Not this week…

Representational Image (Photo: bdnews24/IANS)


The repatriation of an estimated 650,000 Rohingyas from Bangladesh to Myanmar has hit the reefs amidst fears that the refugees would be forced to return against their will.

Furthermore, misgivings that the minority group, persecuted with equal malevolence by the junta and the Buddhist majority, would be coerced into leaving Bangladesh are not wholly unfounded.

The process, which was scheduled to have been initiated on Tuesday, has been postponed and it is hard not to wonder if the agreement on repatriation, signed on 23 November last year between Dhaka and Naypidaw, is almost in tatters.

In the net, the credibility of such leaders as Aung San Suu Kyi and Begum Hasina is at stake, and for the latter in an election year.

The method of executing the bilateral pact doesn’t appear to have been finalised, if the reason proffered by the Bangladesh refugee and repatriation commissioner, Abul Kalam, is any indication ~ “The main thing is that the process has to be voluntary.

The paperwork for returning refugees has not yet been finalised and transit camps are yet to be built in Bangladesh.” The fine print is pretty obvious, specifically that there has been little or no progress on the ground.

More accurately, the purported humanitarian intervention, ostensibly to address the worst refugee crisis since World War II, has been a half-hearted attempt at best and horribly delayed at worst. It is a measure of the overwhelming uncertainty that the Bangladesh foreign minister, AH Mahmood Ali, has declined to specify a time-frame for repatriation.

His statement to the press that the “process is ongoing and you will see when it begins” is neither here nor there. It would, therefore, be reasonable to argue that the issue might fester for a long while yet.

Within the Rohingya camps, there has emerged a groundswell of opposition to what they call “forced repatriation” or being “coerced” to go back to Myanmar. Equally, Bangladesh cannot be saddled with hundreds of thousands of “nowhere men”. The task of repatriation and rehabilitation rests wholly on the thoroughly ruthless regime in Myanmar.

The Rohingyas deserve the restoration of human rights and justice; yet the bilateral agreement has no reference to either. On the contrary, Suu Kyi had once insisted on the original citizenship documents, though acutely aware that many if not most of the refugees had lost their papers as they were buffeted from shore to shore in search of a home.

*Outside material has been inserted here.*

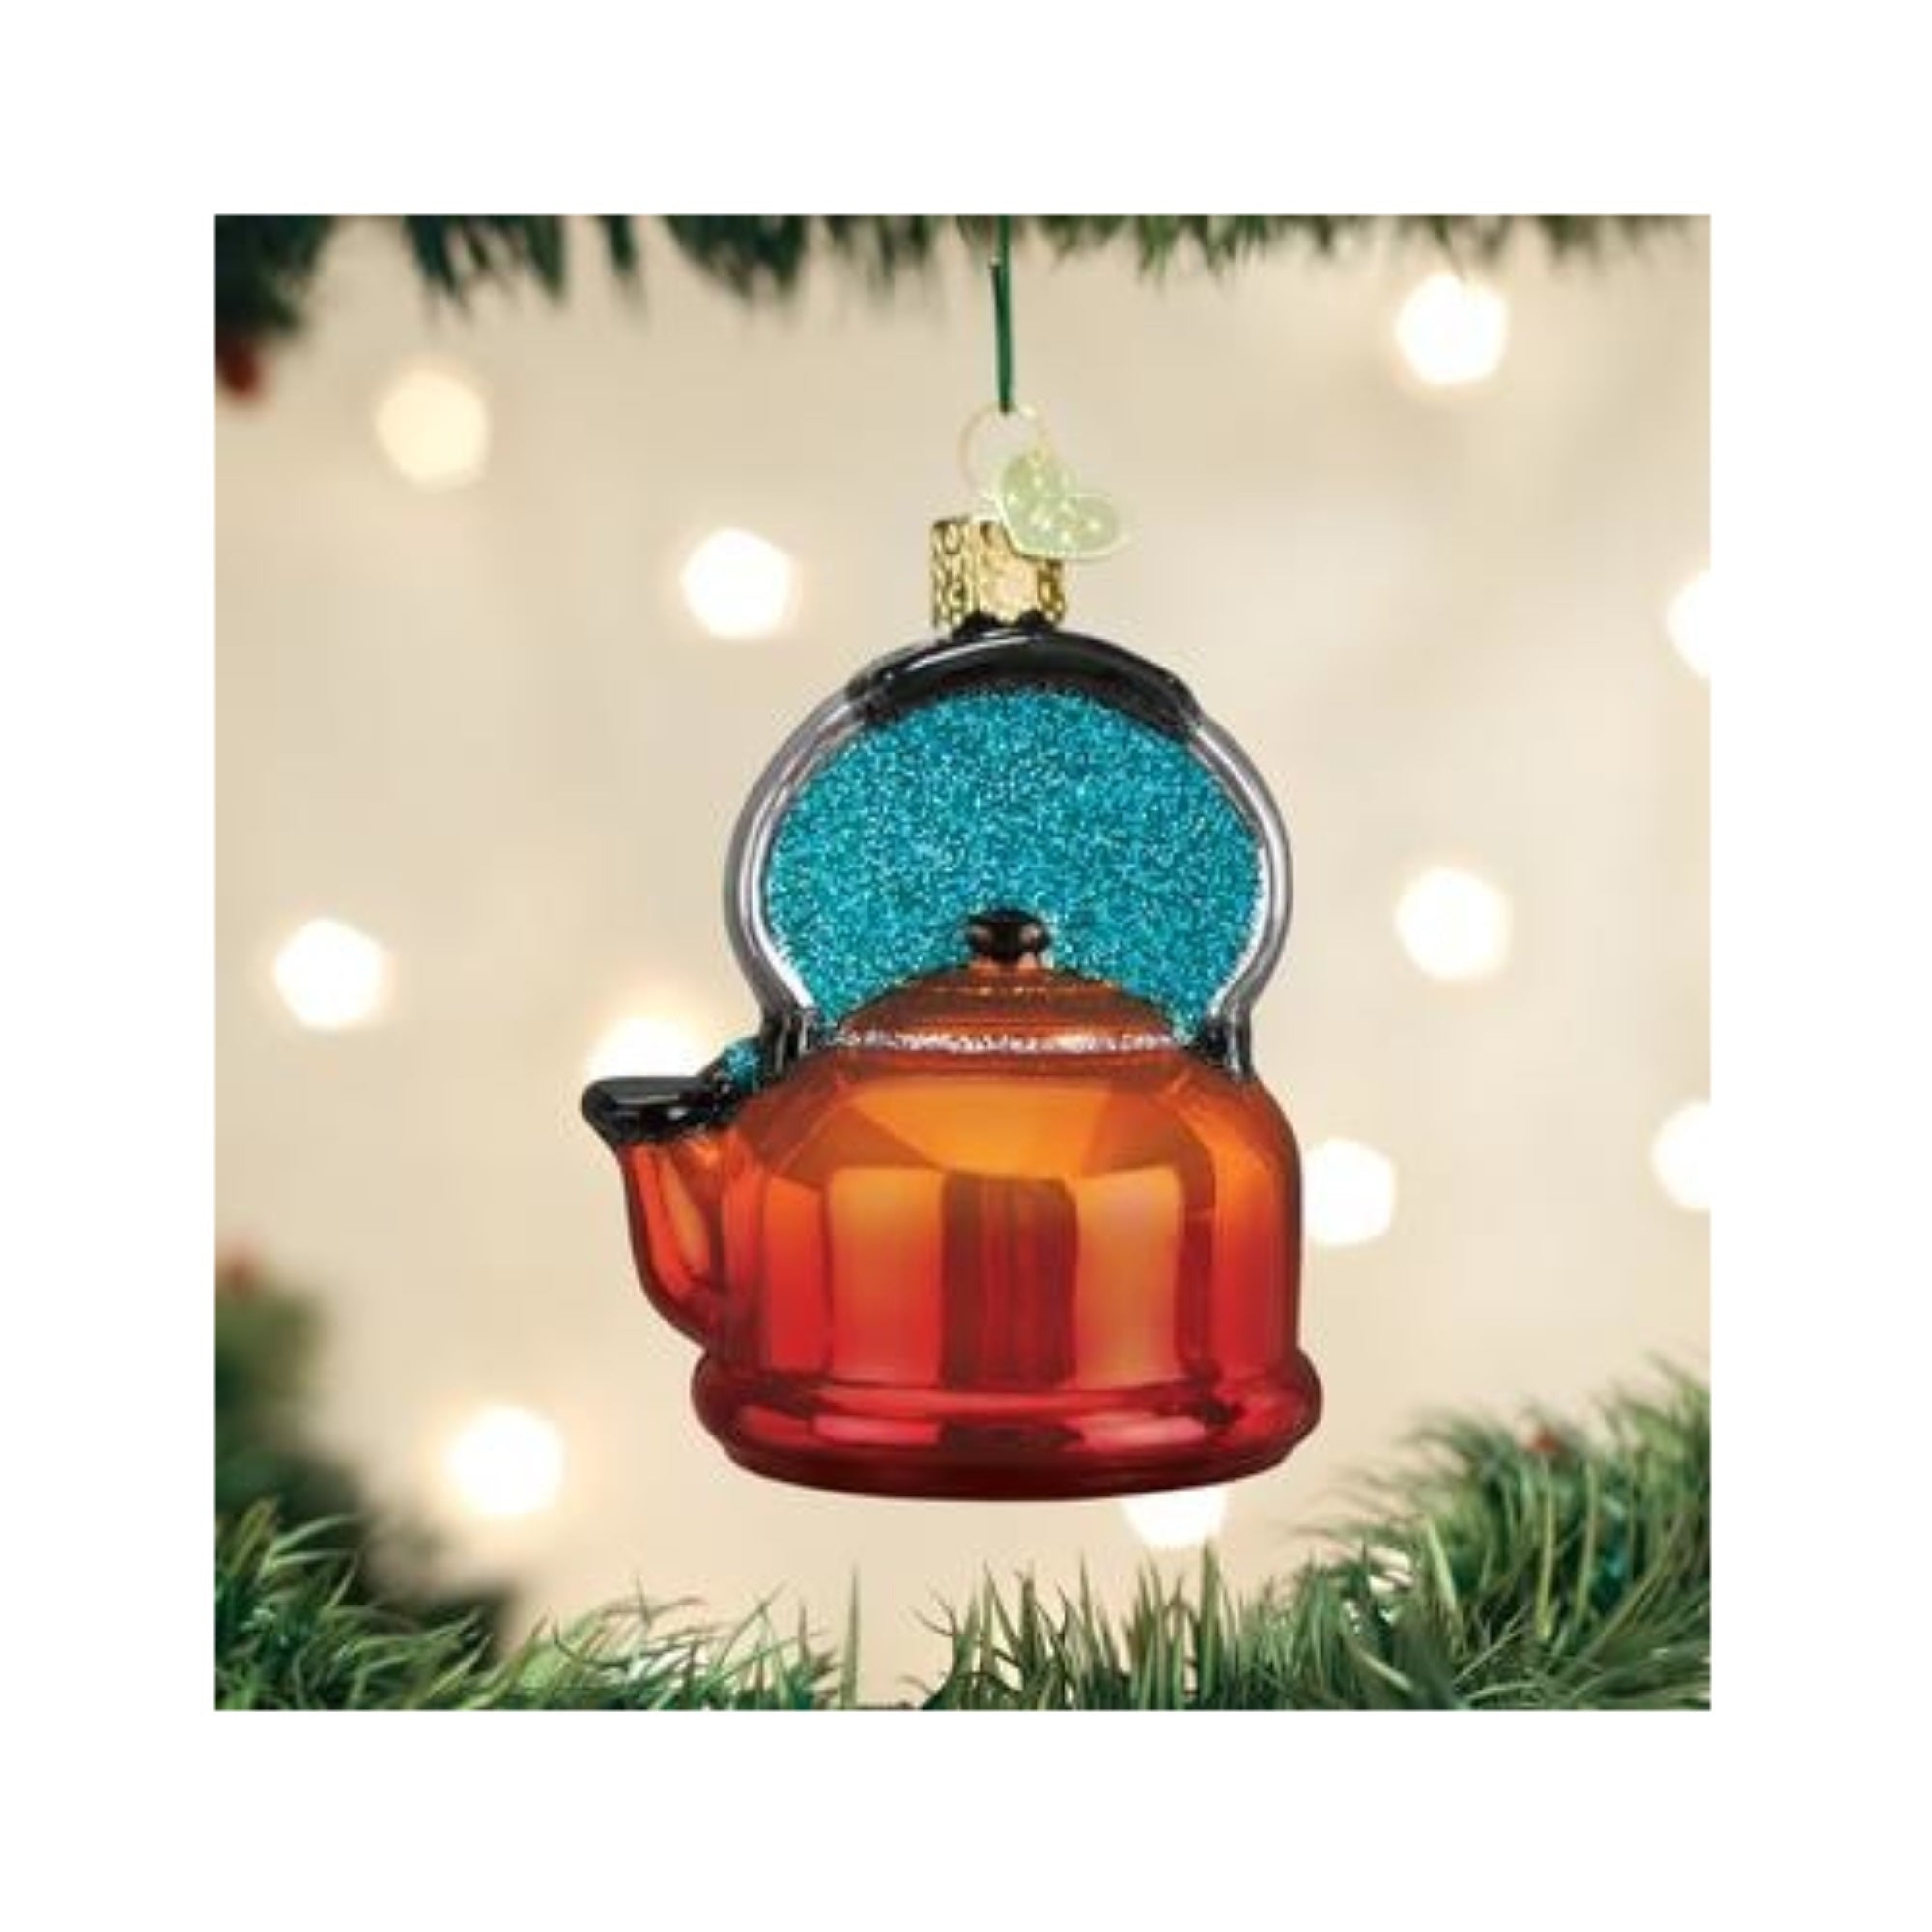 Old World Christmas Tea Kettle Glass Blown Ornament

More than any certificate on citizenship, the collective privation documents hideous reality. In the wake of the delayed repatriation, the Rohingyas have raised certain minimum demands that include holding the military accountable for the killings, looting and rape, and releasing “innocent Rohingyas” who have been detained in counter-insurgency operations.

In the reckoning of human rights activists, “it’s a fantasyland, make-believe world that both governments are in.”